April 13, 2014
Jessie Redmon Fauset Program Features Youth Poets

LAWNSIDE, N.J.The Lawnside Historical Society will will celebrate Jessie Redmon Fauset Day April 26 featuring prize-winning poetry about democracy written by fifth through 12 graders from Camden, Burlington and Gloucester counties.

The competition is designed to encourage youth to write original poetry in the vein of the Harlem Renaissance, an intellectually vibrant period for Black America. The theme is "Democracy Under Duress."

Spoken word artist Dave Benjamin Watkis will perform. After coming to New Jersey from Jamaica, Mr. Watkis graduated from Rowan University. He connects with adolescents through poetry, counseling and performances. He performed at Camden’s Stop the Violence Rally at Campbell Field and with recording artists Erykah Badu, Jill Scott and Russell Simmons among others.

More than 50 students submitted original poetry. Winning poets will read their works starting at 2 p.m. in the Lawnside Public School, 426 E. Charleston Ave., where cash prizes and certificates will be awarded.

The Jessie Redmon Fauset Day and the Spirit of the Renaissance Poetry Competition are funded by a grant from the Camden County Cultural and Heritage Commission at Camden County College through the Local Arts Program of the New Jersey Council on the Arts, Department of State, a partner agency of the National Endowment for the Arts.
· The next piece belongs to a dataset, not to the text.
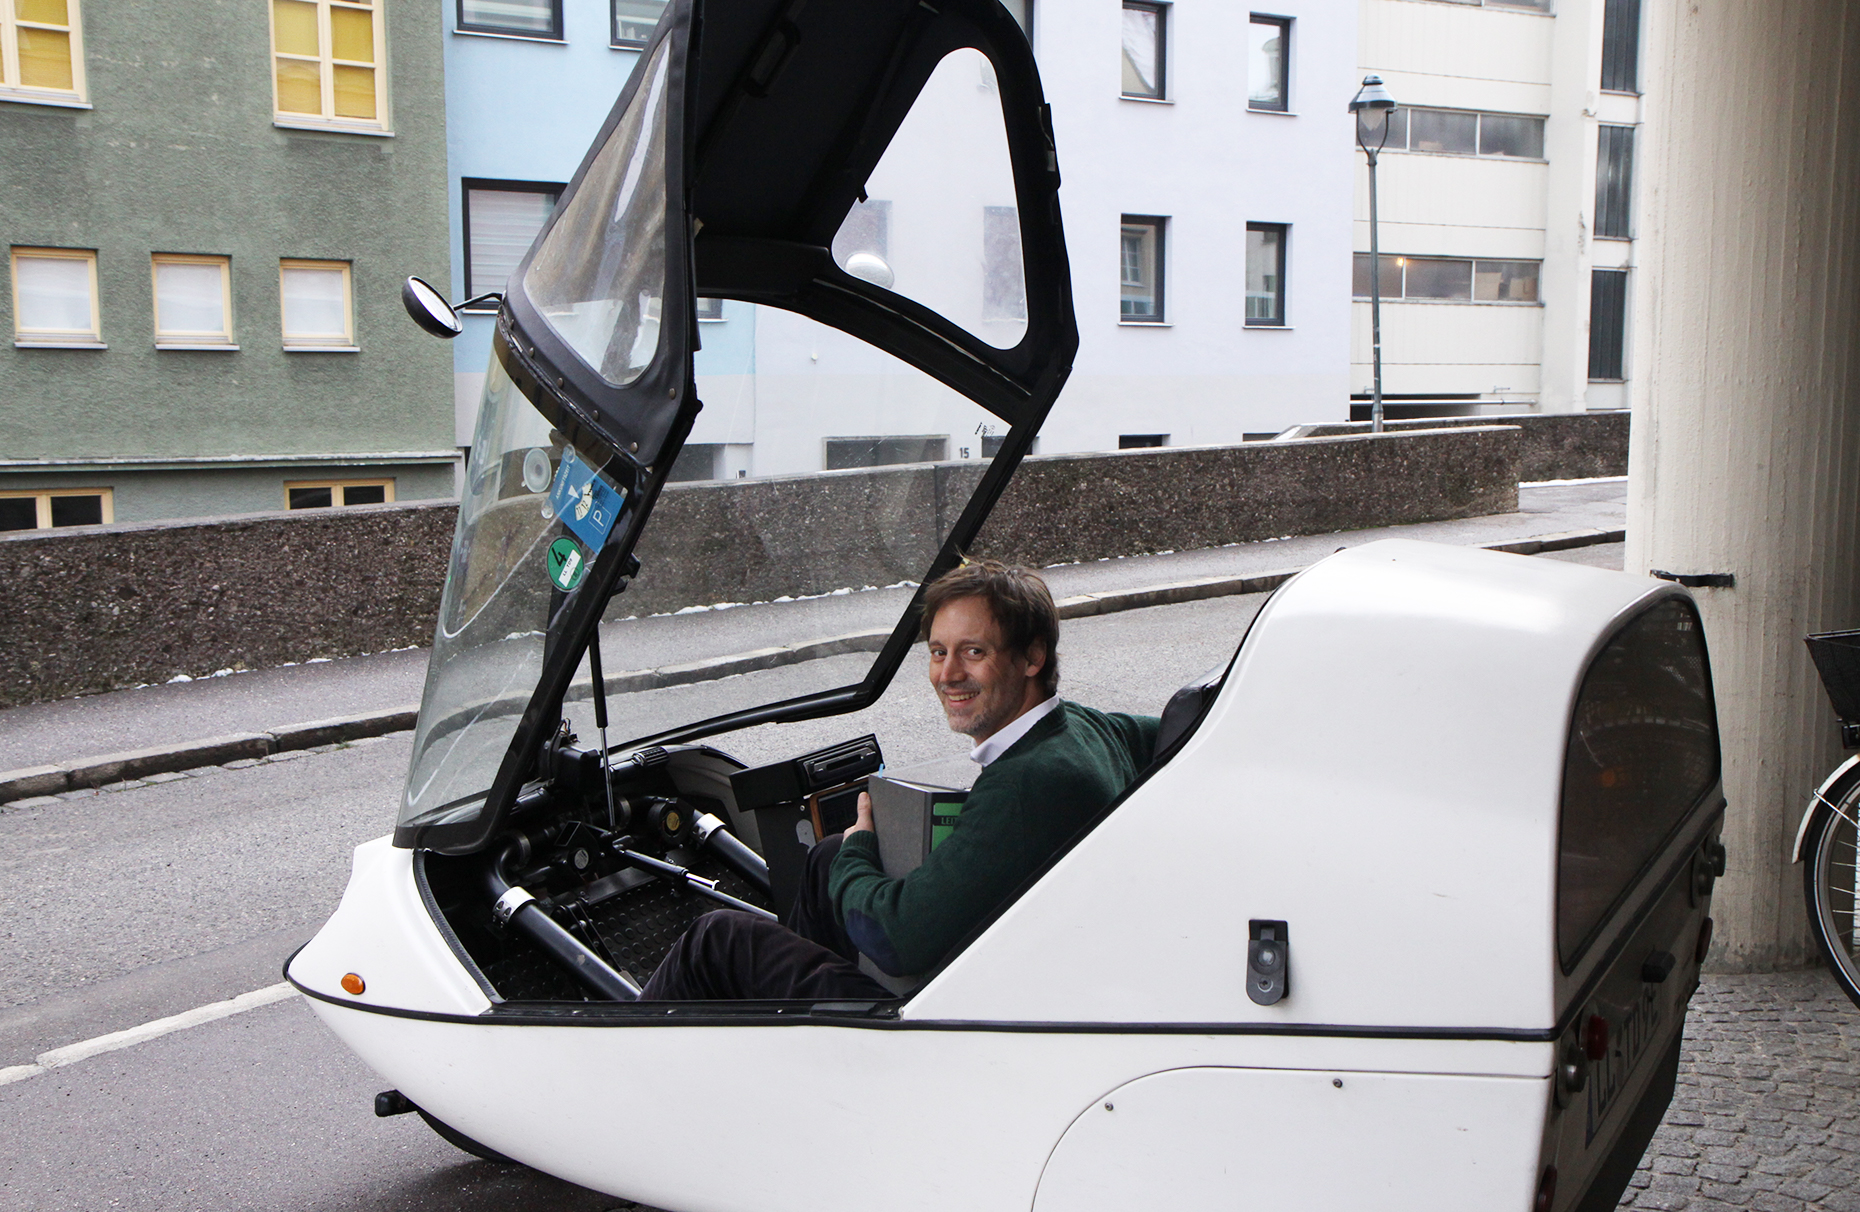 Vor der Hauptverwaltung: Thomas Sailer, Umwelt-, und Energiereferent des Bezirks, in seinem Twike, einem dreirädrigen Leichtelektromobil für zwei Personen

The program is free to the public.

Miss Fauset was literary editor of the NAACP's Crisis magazine for seven years during the 1920s, the height of the Harlem Renaissance. She was a novelist, poet and short story writer like her contemporaries Langston Hughes, Countee Cullen and Zora Neale Hurston. She was born in Lawnside while her father was pastor of Mount Pisgah African Methodist Episcopal Church on April 26, 1882.

Miss Fauset received her education in Philadelphia, a graduate of Girls High School. She was a 1905 graduate of Cornell University and earned a master's degree in French from the University of Pennsylvania.
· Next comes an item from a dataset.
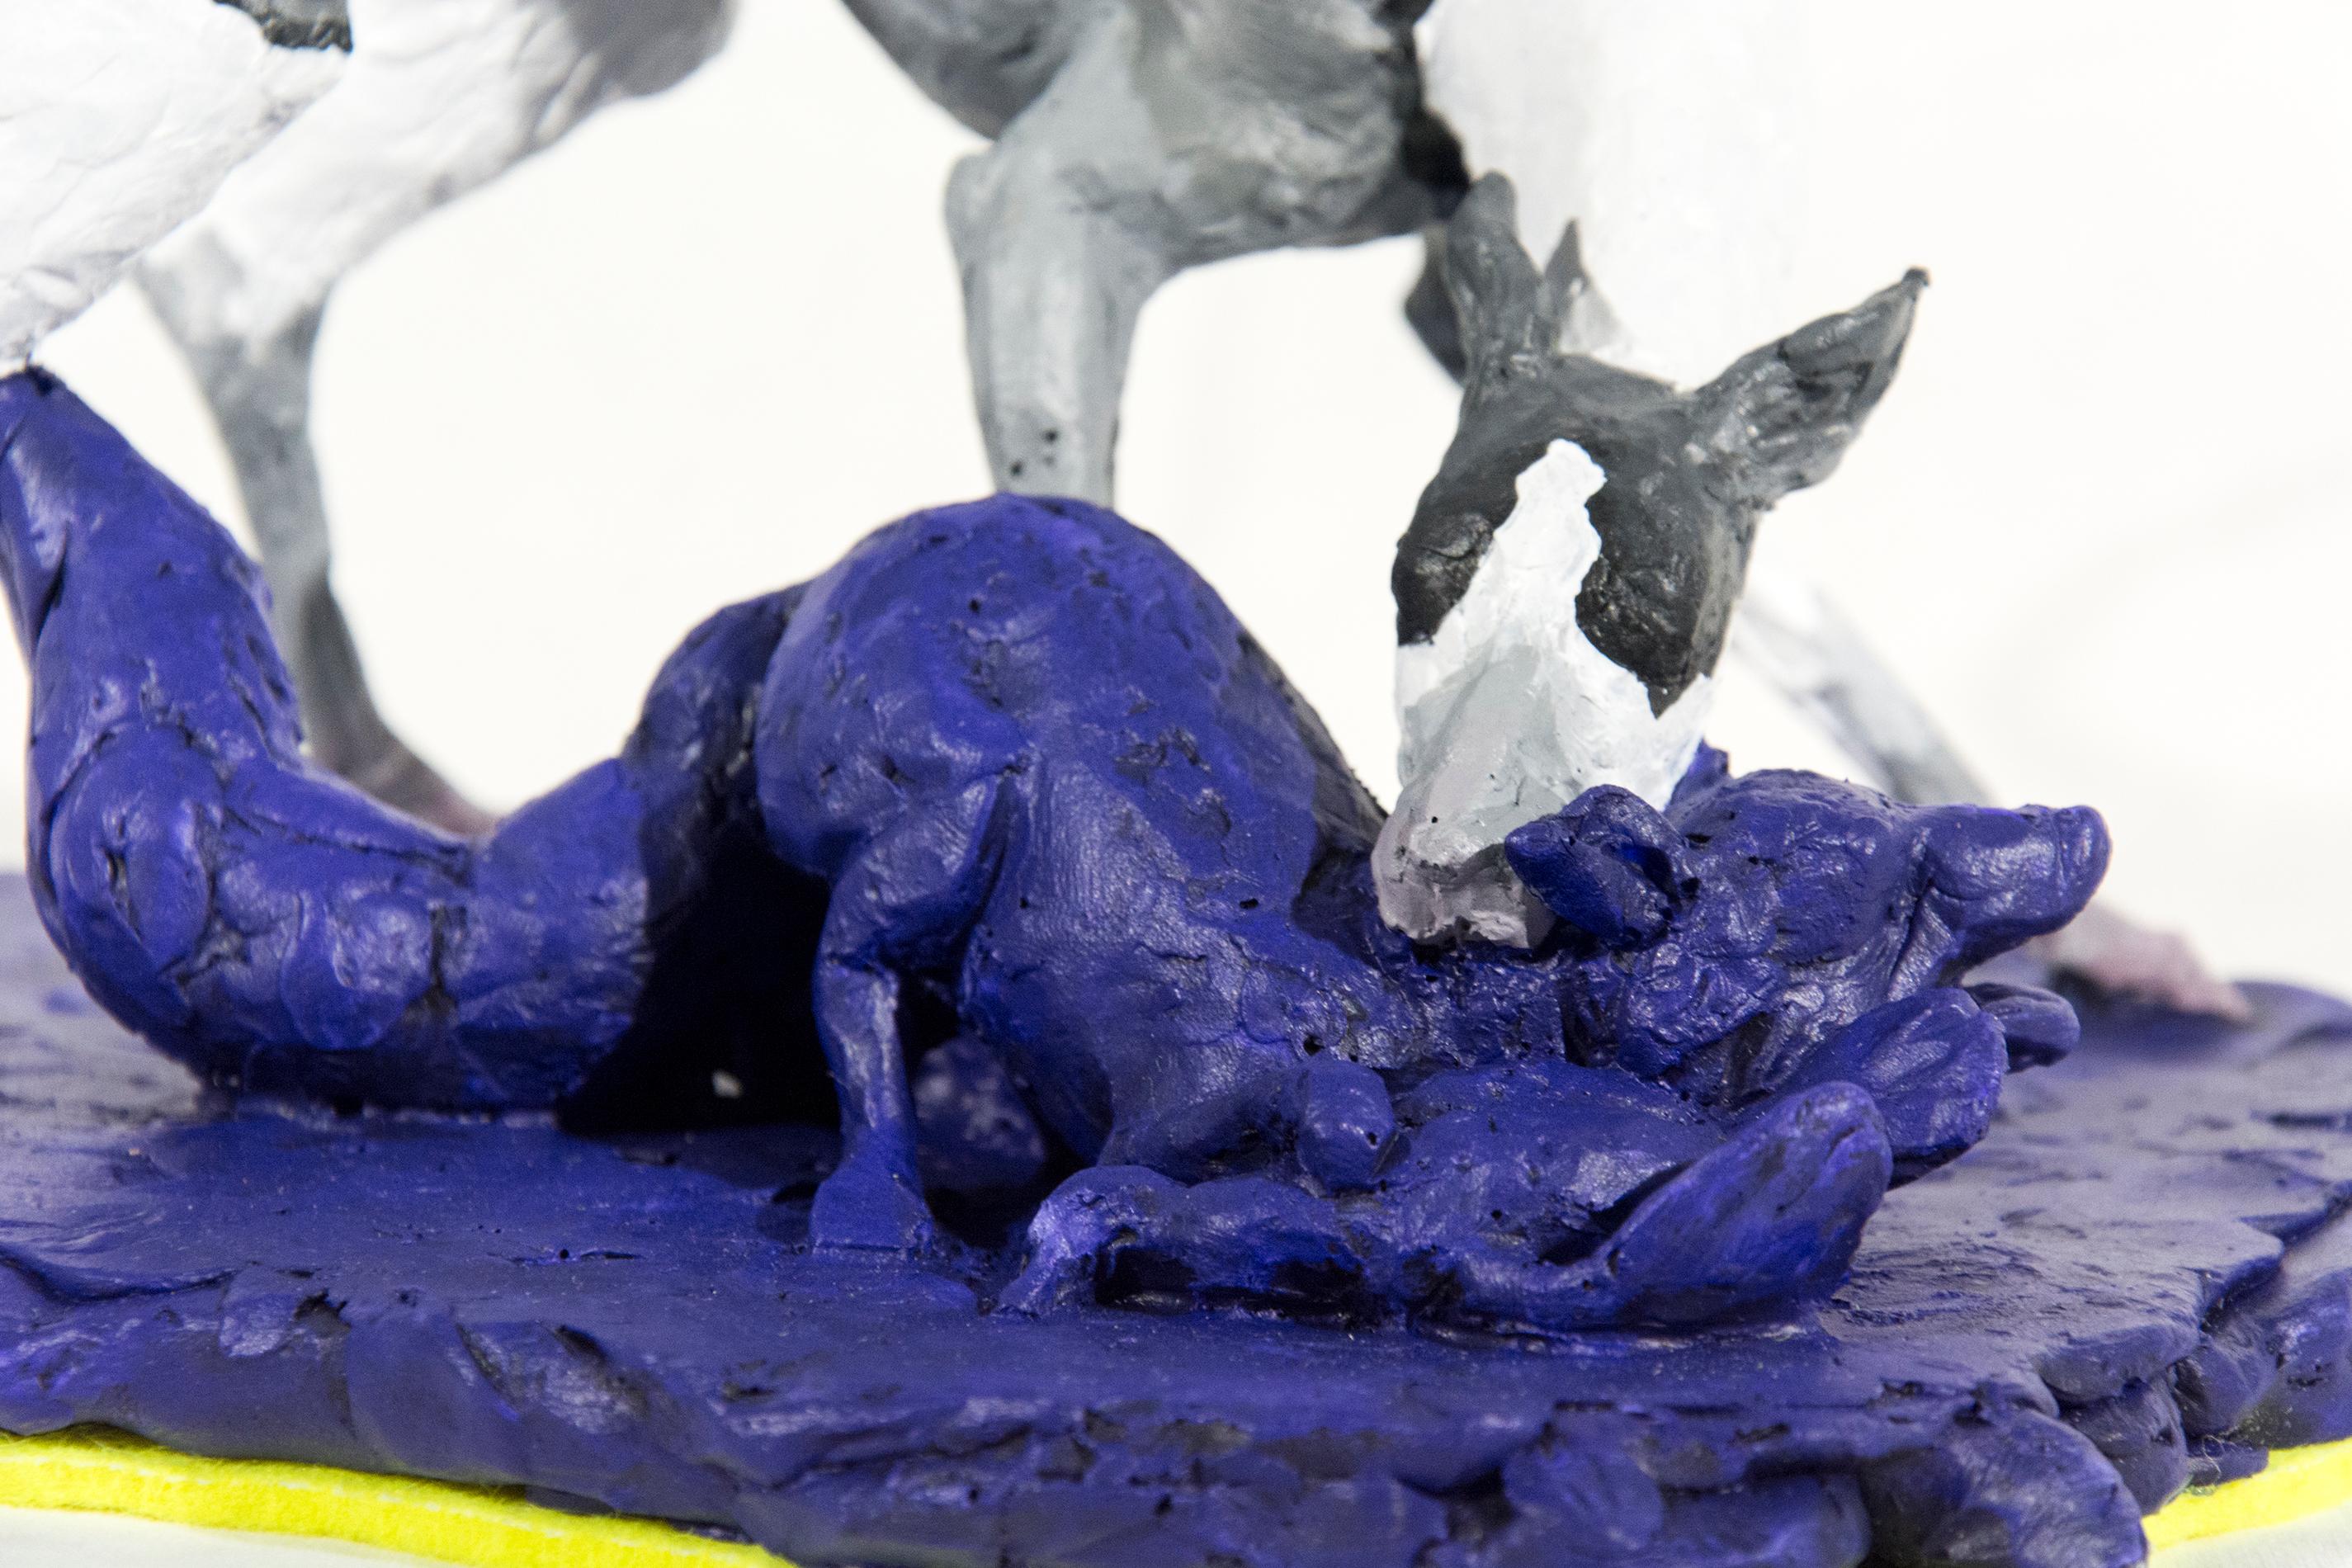 Hound 2/8 - klein, grau, weiß, blau, figurativ, Hund, Wildtiere, Harzskulptur (Zeitgenössisch), Sculpture, von Nicholas Crombach

Langston Hughes, Harlem's poet laureate, called Miss Fauset the mid-wife of the Harlem Renaissance for nurturing him and others by providing an outlet for their voices and published work. She eventually married, returned to high school teaching and died in 1961 in New Jersey.

The Society began honoring Miss Fauset in 2004.

The Lawnside Historical Society is a non-profit organization dedicated to the preservation of the Peter Mott House and the promotion of Lawnside's heritage as a uniquely African-American town. It is a designated organization of the New Jersey Cultural Trust.